Тут фактурой сказано столько, что ни в какой словесно-сюжетный эквилибр не вместилось бы.
Мягкий монтаж. Никаких скачков, стыков, контрастов. Одно перетекает в другое... Глядь, а ты уже в нашей коммуналке, где стоит в углу «макет»... ты уже в нашей конторе, и смотрит тебе в пульман из окна глаз с плаката... А ты уже в Барселоне, впрочем, ходишь, как и положено, «группой» — «всем держаться вместе!» — то ли это уже «та» реальность, то ли еще «эта»... То ли впрямь выбросился Чернов из окна отеля, увидев, как террорист убивает во дворе тюрьмы дирижера, то ли вообразил все это... Да какая, собственно, разница? Может, он вообще все это вообразил... Так ведь понятно, почему.

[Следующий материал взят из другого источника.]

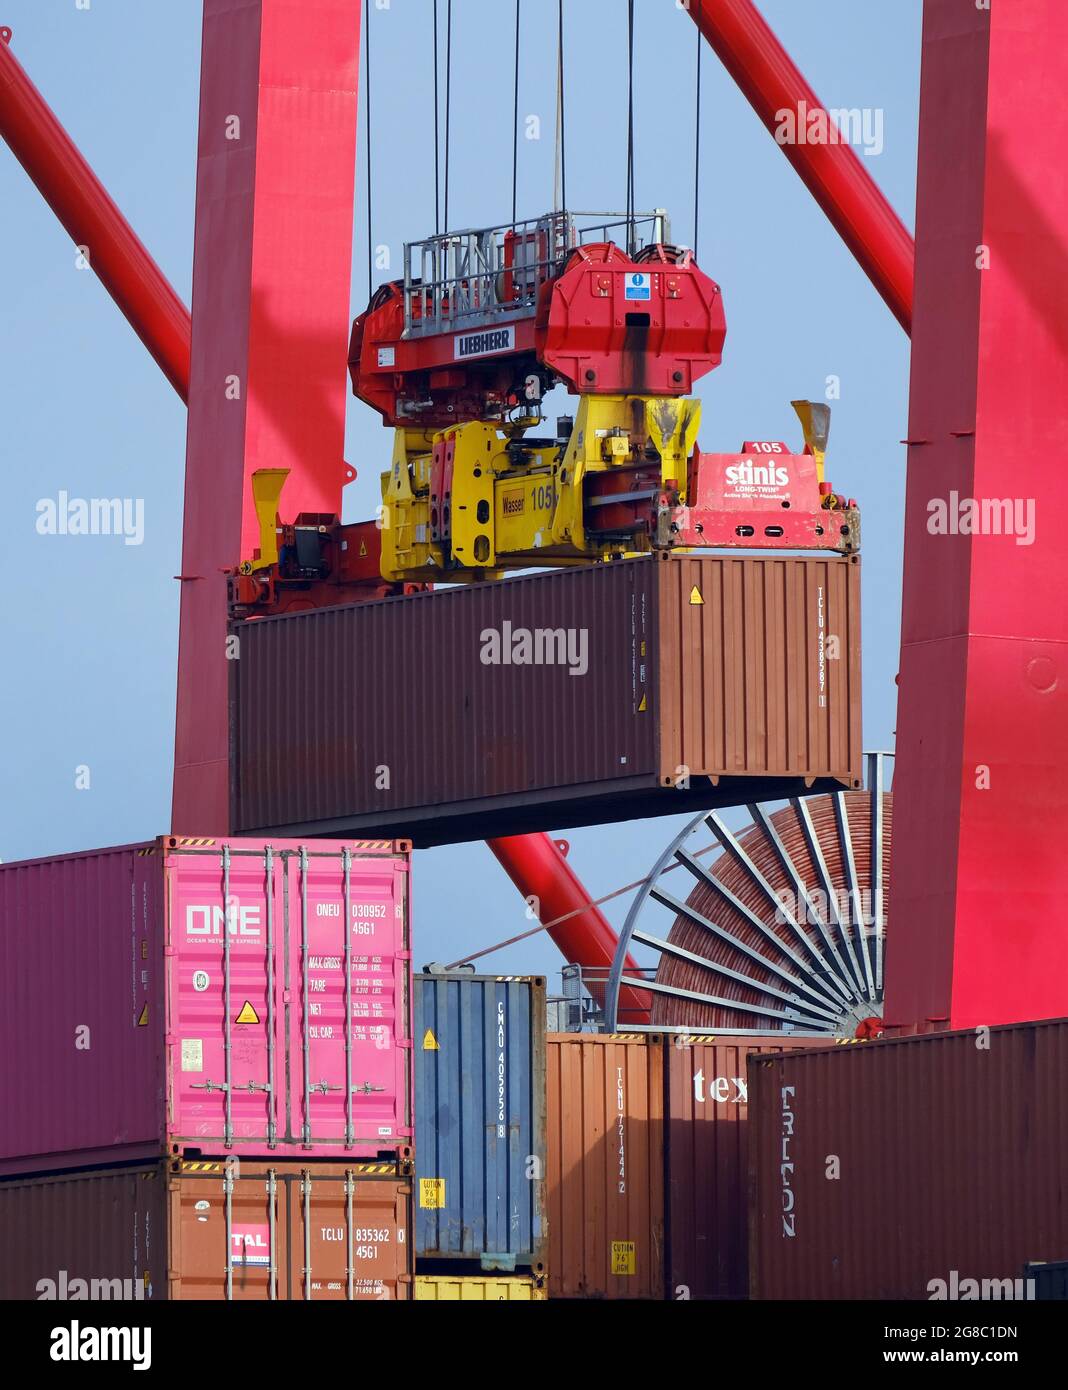 Amburgo, Germania - nave container nel porto di Amburgo, la nave container Nordsummer è ormeggiata presso il terminal dei container Eurogate. La lunghezza di 247 metri c Foto Stock

Мягкое смешение операторских тонов. Никаких наплывов, размывов, никакой игры в отчетливость-неотчетливость: все реально. И вместе с тем ирреально. Какая-то безуминка в том, как приближается фигура по лестнице (фокус короткофокусности?) или как перекликаются руки маэстро и руки солистки (чудо ракурса?). Главное же — тональность: желтоватые, коричневатые, розоватые тона (напоминающие гамму, которую оператор фильма М. Агранович сотворил в свое время для «Покаяния»). Ощущение такое, что в мягких красках спрятана какая-то загадка, какая-то «тема». И лишь в конце, когда на мгновение видишь окровавленное лицо застреленного дирижера, понимаешь, какой колер скрыто накапливался в спектре картины.

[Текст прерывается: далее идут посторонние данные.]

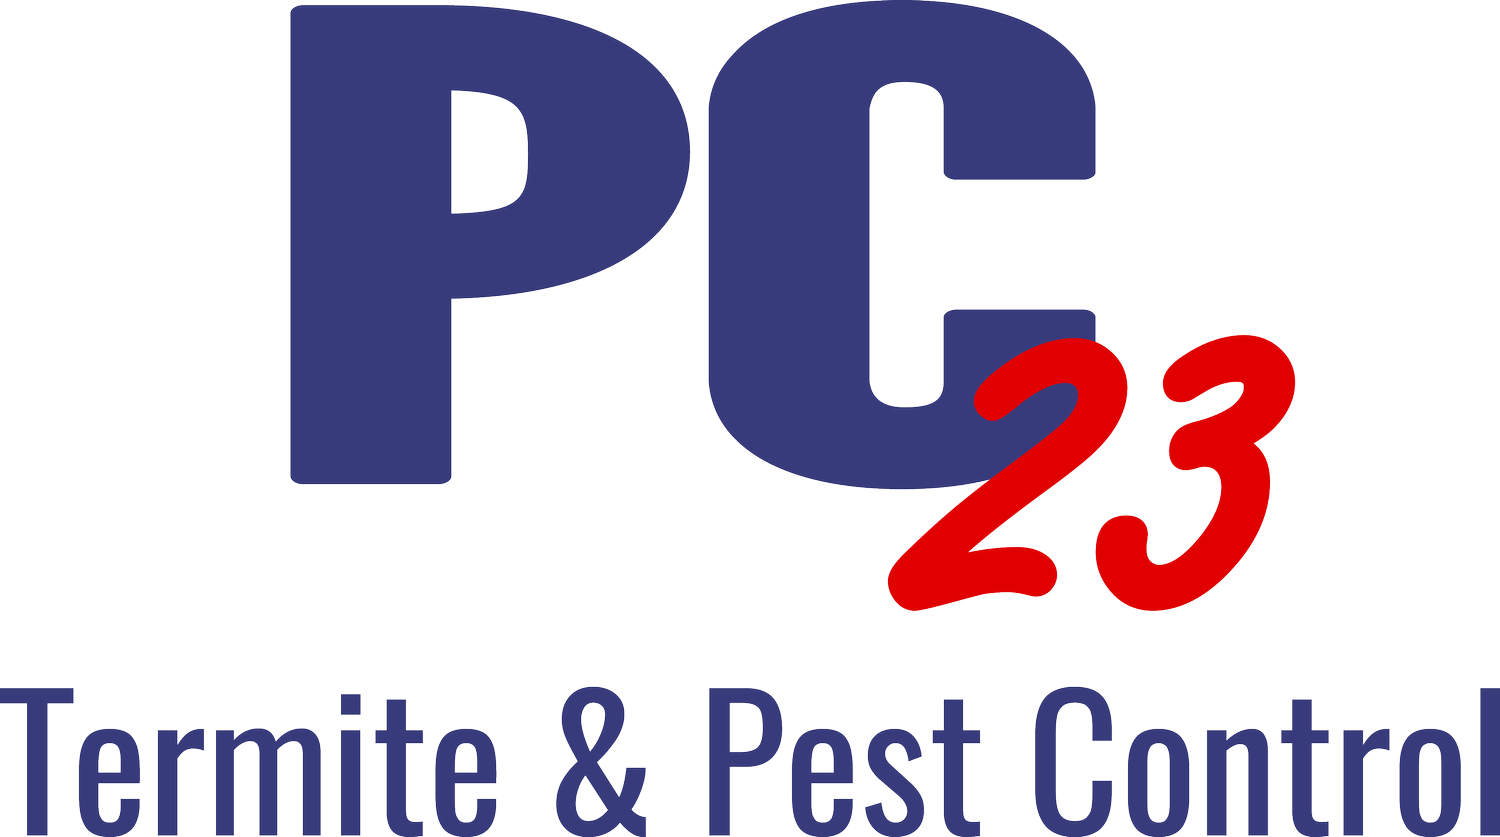 PC23 Pest Control

Наконец, главный козырь Юрского-режиссера — актерские решения. Фантастически-точная, непредсказуемая, интуитивная находка — Андрей Смирнов в главной роли.
Непредсказуемость этой фигуры срабатывает в контексте предсказуемости его окружения. Кругом все узнаваемо с полувзгляда. Типажи отыграны с блеском, они ожидаемы, вычислимы. Подвыпивший доморощенный русский философ в исполнении Олега Басилашвили. Усталая москвичка с сумками, не имеющая сил на взрыв гнева, — Наталья Тенякова. Да что далеко ходить, сам маэстро в исполнении Сергея Юрского — классический монтаж вдохновения и чудаковатости... мягкая седина, быстрая мимика, что-то от Эйнштейна и что-то от Мейерхольда — все «фирменно» и все узнаваемо: Великий Артист! В предсказуемости жестов — аттракционность: чирк спичкой — не горит, выбросил в окно, ему подают зажигалку, чирк зажигалкой — закурил, зажигалку — в окно... Эксцентрика вообще старое оружие Юрского, но смысл? Выброшенная зажигалка — «трюк», но что такое повтор трюка? Это уже мотив. Мотив «заданности», «запрограммированности». Вежливое предупреждение террориста — острая краска, но повтор реплики — это что? Мотив заведенности. Комическое на повторах жутко: мир манекенен, предсказуемо — все.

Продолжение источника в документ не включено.